セカンドエコノミー時代のセキュリティ対策とは?
インテルセキュリティは「Focus Japan 2016」のなかで「セカンドエコノミー」という言葉で現代を表した。従来まではアナログで実体のあるマネー中心の経済だったところ、今は新しい次元の経済に突入しているという。FinTechや機械学習などを通じ、経済活動が業務処理が人の手を介さずにコンピュータ間でのみ実行される時代だ。そうした時代の経済環境を「セカンドエコノミー」と称している。この状況下では経済活動だけではなく日常生活も高度にデジタル化し、「信用、財産、時間」が重要になってくるとインテルセキュリティは考えている。
「新しい経済環境には新しいセキュリティのアプローチがあります」と山野氏。例えばランサムウェアの支払にはよくビットコインが指定されている。従来の銀行間振込とはカネの流れが異なるため、犯罪捜査も従来とは異なるアプローチが必要だ。また最近ではインターネットに接続したネットワークカメラがサイバー攻撃の踏み台として使われた事件が起きた。サーバーやパソコンではなく機器が加害者になるという事件とも言える。脅威は日々多様化、高度化し、デジタル空間のサイバー攻撃と実世界が複雑に絡み合うようになってきている。
そうした時代に向かうことを前提にインテルセキュリティはセキュリティ対策を考えている。まず脅威を「防御」からはじまり「検知」や「復旧」、さらに日々の活動で得た洞察をフィードバックする「適合」も含め、全体を1つのライフサイクルとしてとらえる。
次にセキュリティ対策を向上させていくためとして、3つのフェーズがあるとした。最初の第1フェーズでは製品を統合し、TCO削減や製品連携を進めていく。次の第2フェーズではセキュリティ運用を効率化するための自動化を進める。最終的には高度にシステムの分析やオーケストレーションなど連動が進み、サービスとしてのセキュリティへと向かう。
具体的な製品や技術に照らし合わせると、下図のように4つの分野や領域で分けることができる。それがダイナミック・エンドポイント、インテリジェントなセキュリティ運用、データセンターとクラウドの防御、包括的なデータ保護となる。
目玉の1つはダイナミック・エンドポイント。いまやエンドポイントは静的なシグネチャで保護するかつてのアンチウィルスから大きく変容し、マシンラーニングを活用しダイナミックに保護するものへと進化している。属性やふるまいをベースに分析して、より早く未知の脅威を検知し、復旧の自動化まで行う。

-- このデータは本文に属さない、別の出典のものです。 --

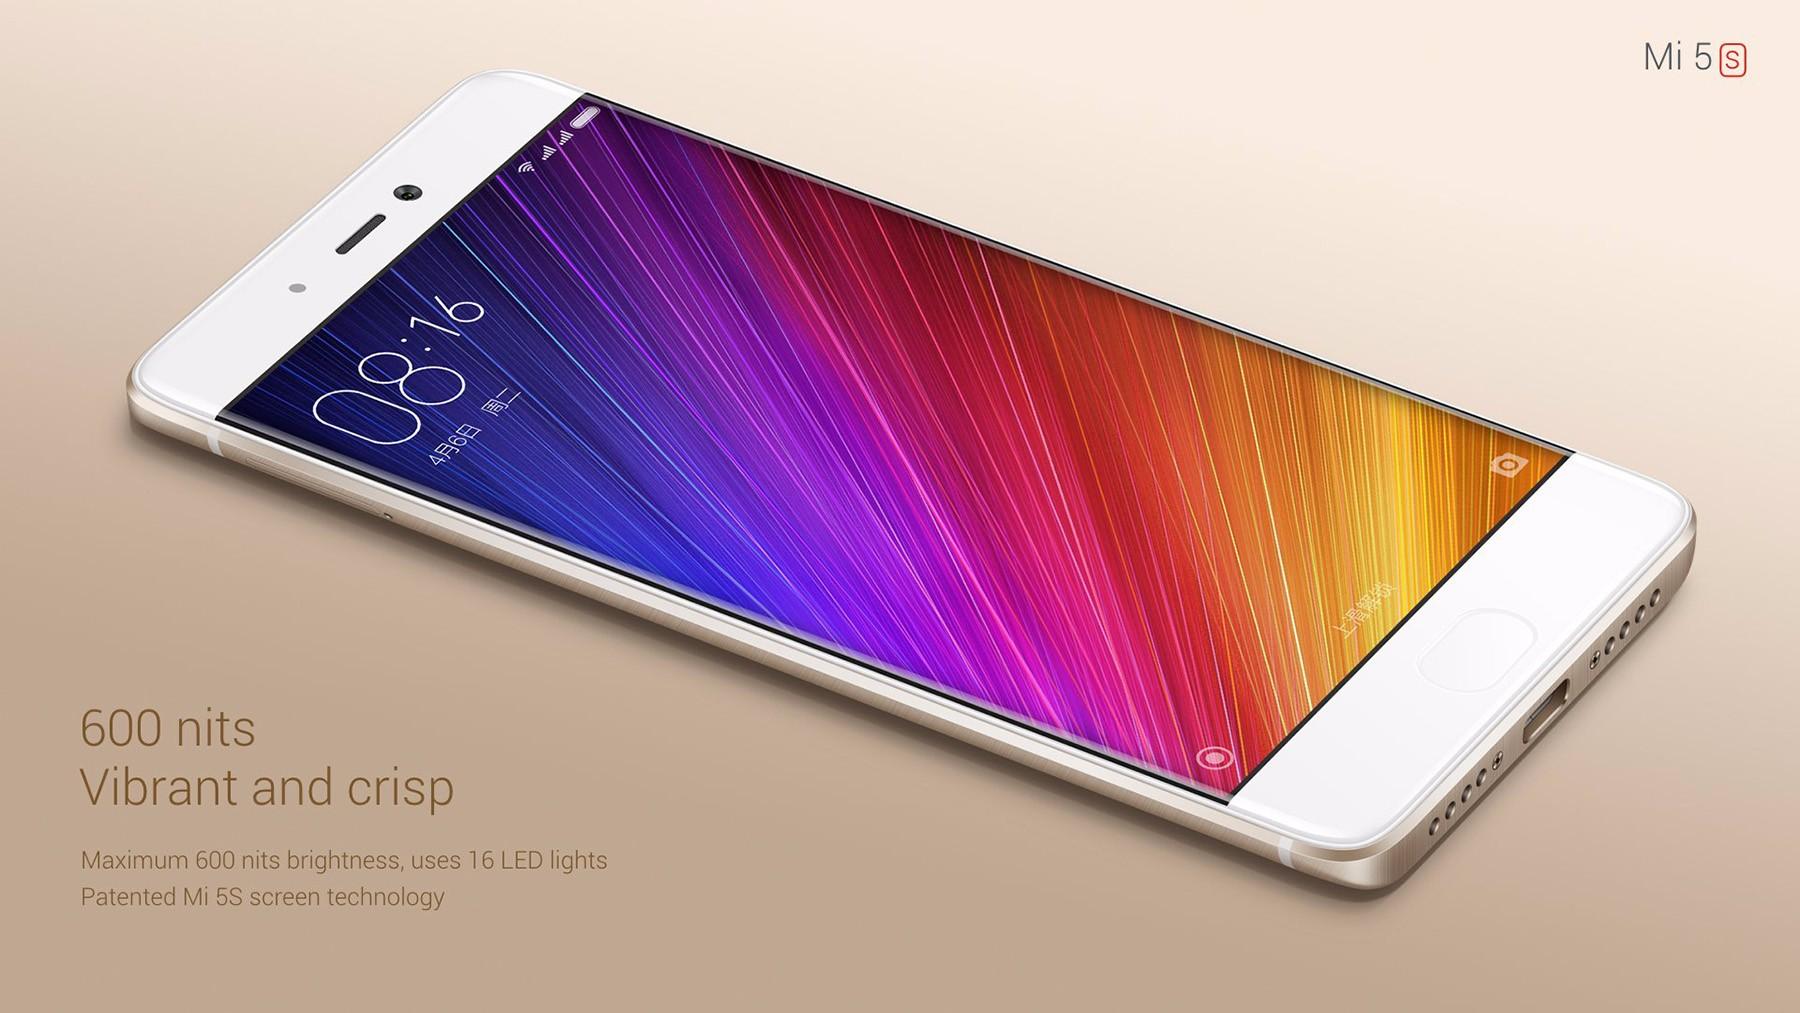 Android Oreo per Mi 5S!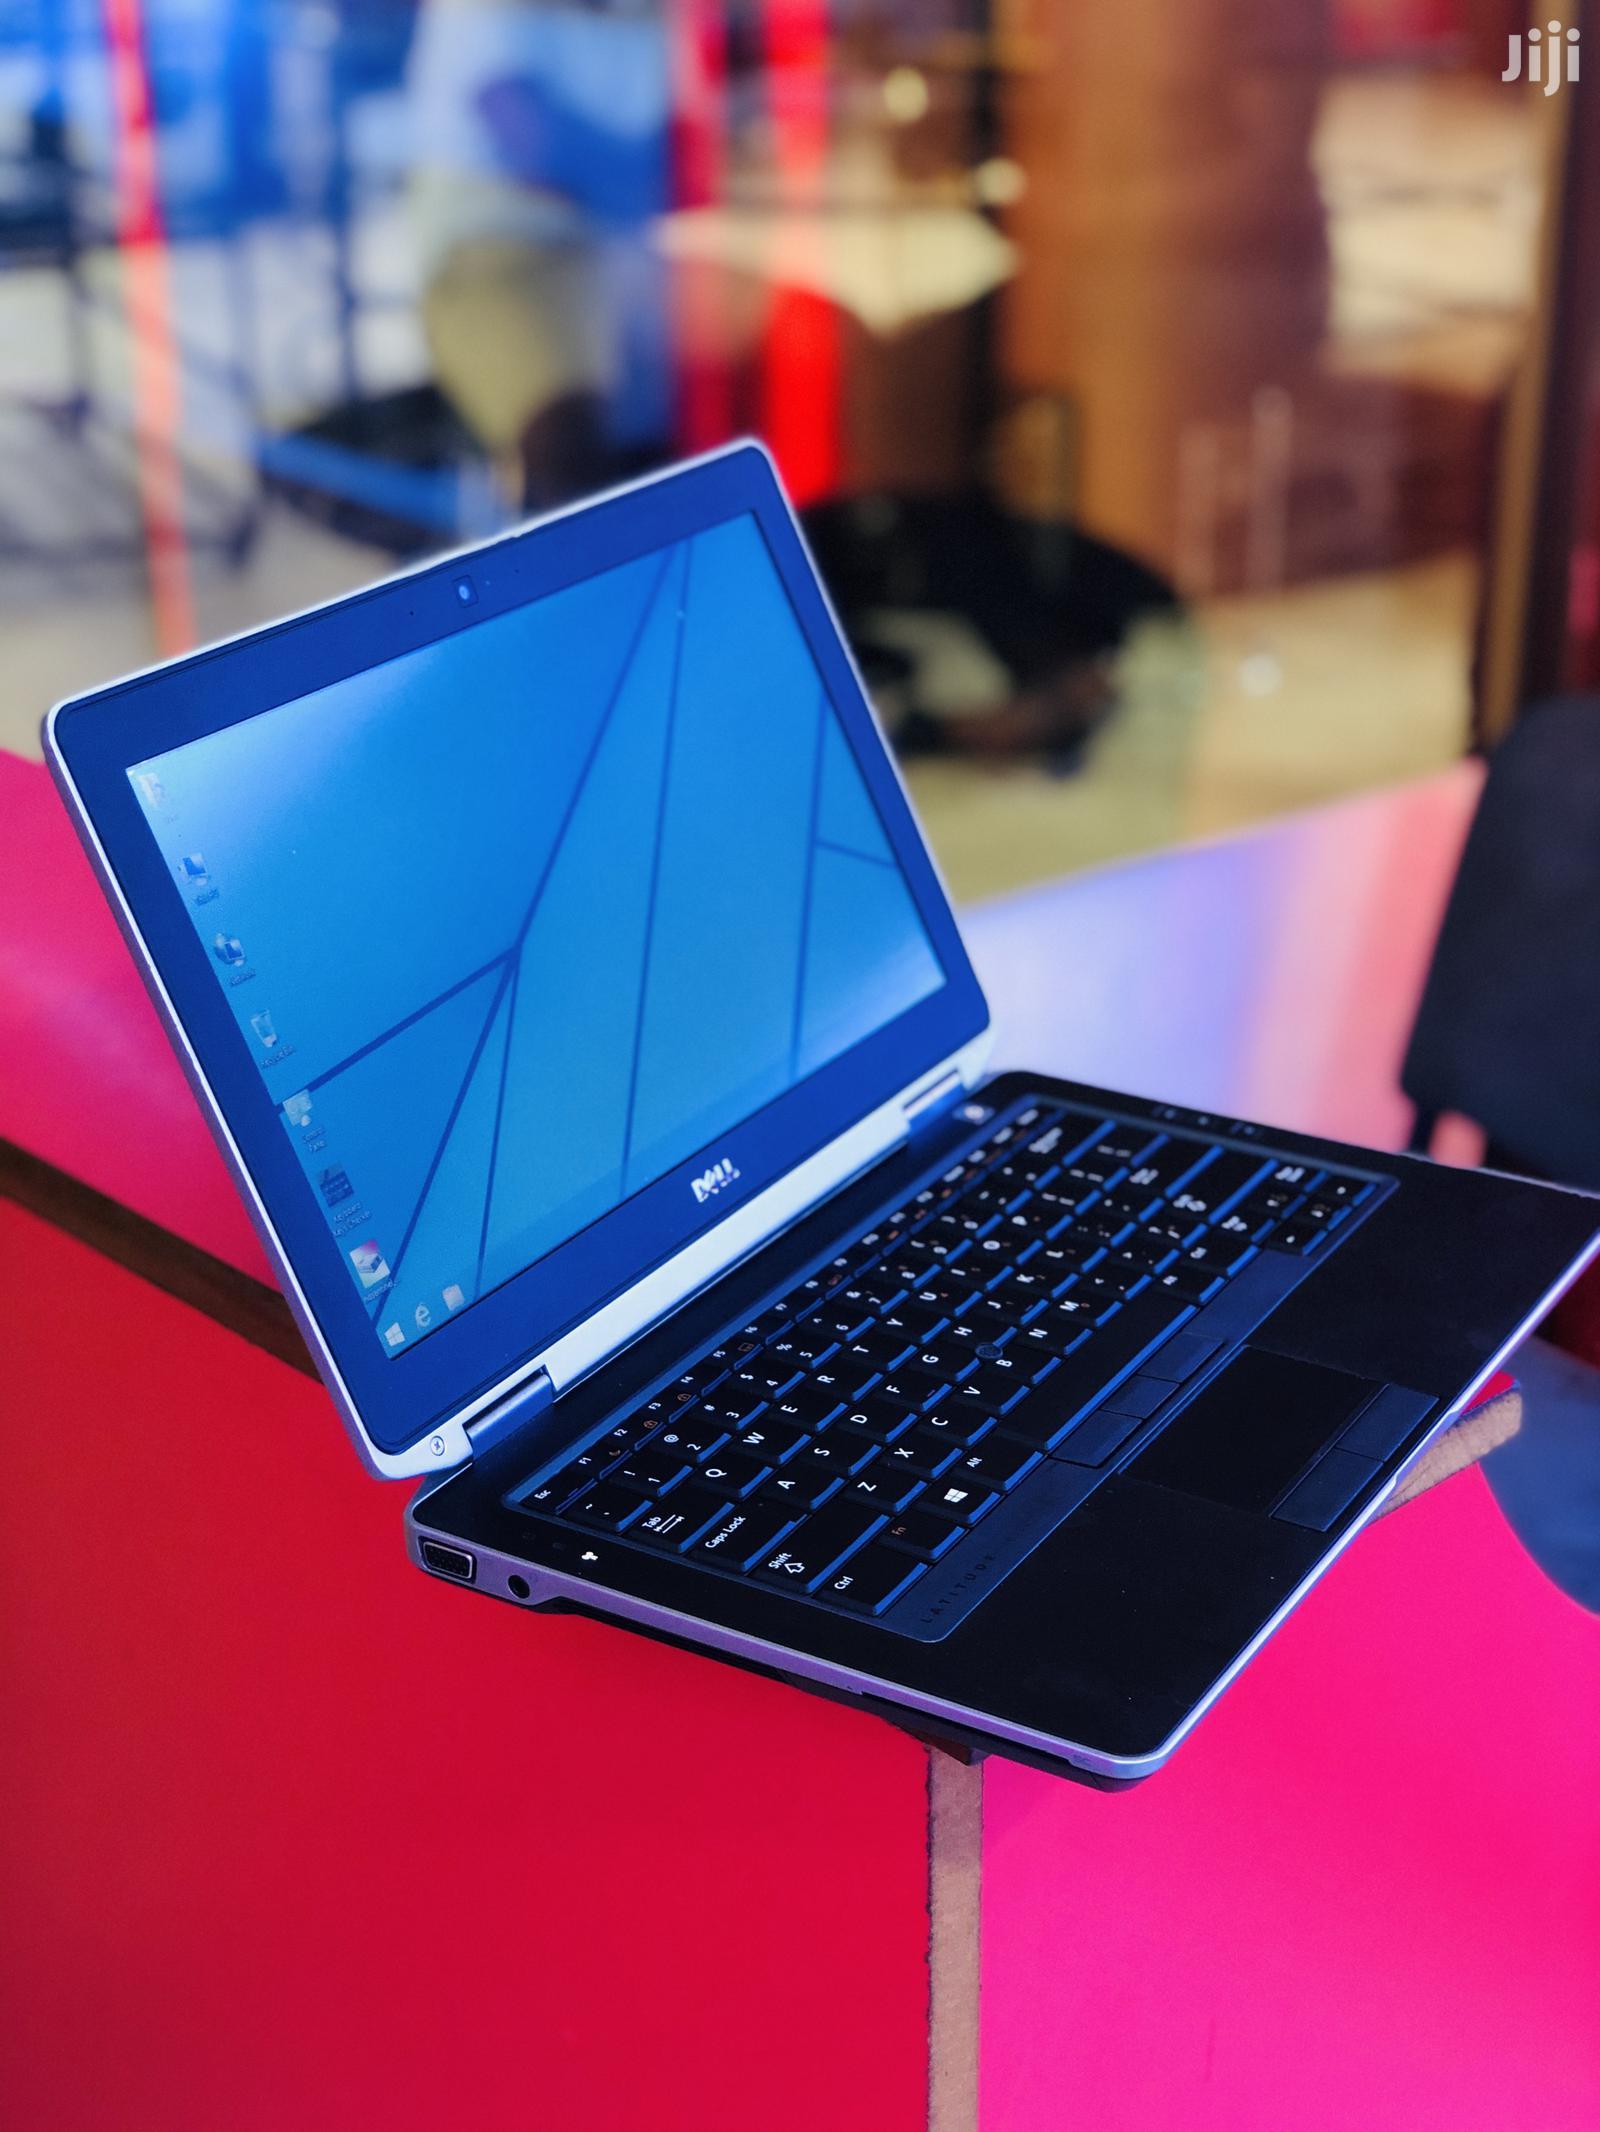 Laptop Dell Latitude E6330 4GB Intel Core I7 HDD 500GB | Laptops & Computers for sale in Kampala, Central Region, Uganda

もう1つは「OpenDXL」。インテルセキュリティの製品間データ連携を行う「McAfee Data Exchange Layer(DXL)」のオープン化だ。実はDXLはこれまで一部のセキュリティベンダーのみに公開されていたが、GitHubで公開しセキュリティベンダーやデベロッパーに自由に使えるようにした。これまでセキュリティベンダーは脅威情報の多寡や速さで競ってきたが、今はもうそういう時代ではないということだ。インテルセキュリティは率先してOpenDXLという技術のオープン化に踏み切ることで、業界全体の連携促進を狙う。
なお基調講演のなかで山野氏は胸元のポケットチーフを青から赤へと変え、分社化を発表した。現在インテルセキュリティはインテルのブランドの1つという扱いで、日本での事業会社はマカフィー株式会社となっている。これを2017年第2四半期に、インテルセキュリティ(ブランド)はあらためてマカフィーとしてインテルから分社化する予定。
新生マカフィーでは業界を横断した連携をしつつ、セキュリティでイノベーションを進めていくことを目指す。山野氏は「(セキュリティ対策製品など)コアコンピタンスに立ち戻り、本業復帰します」と話した。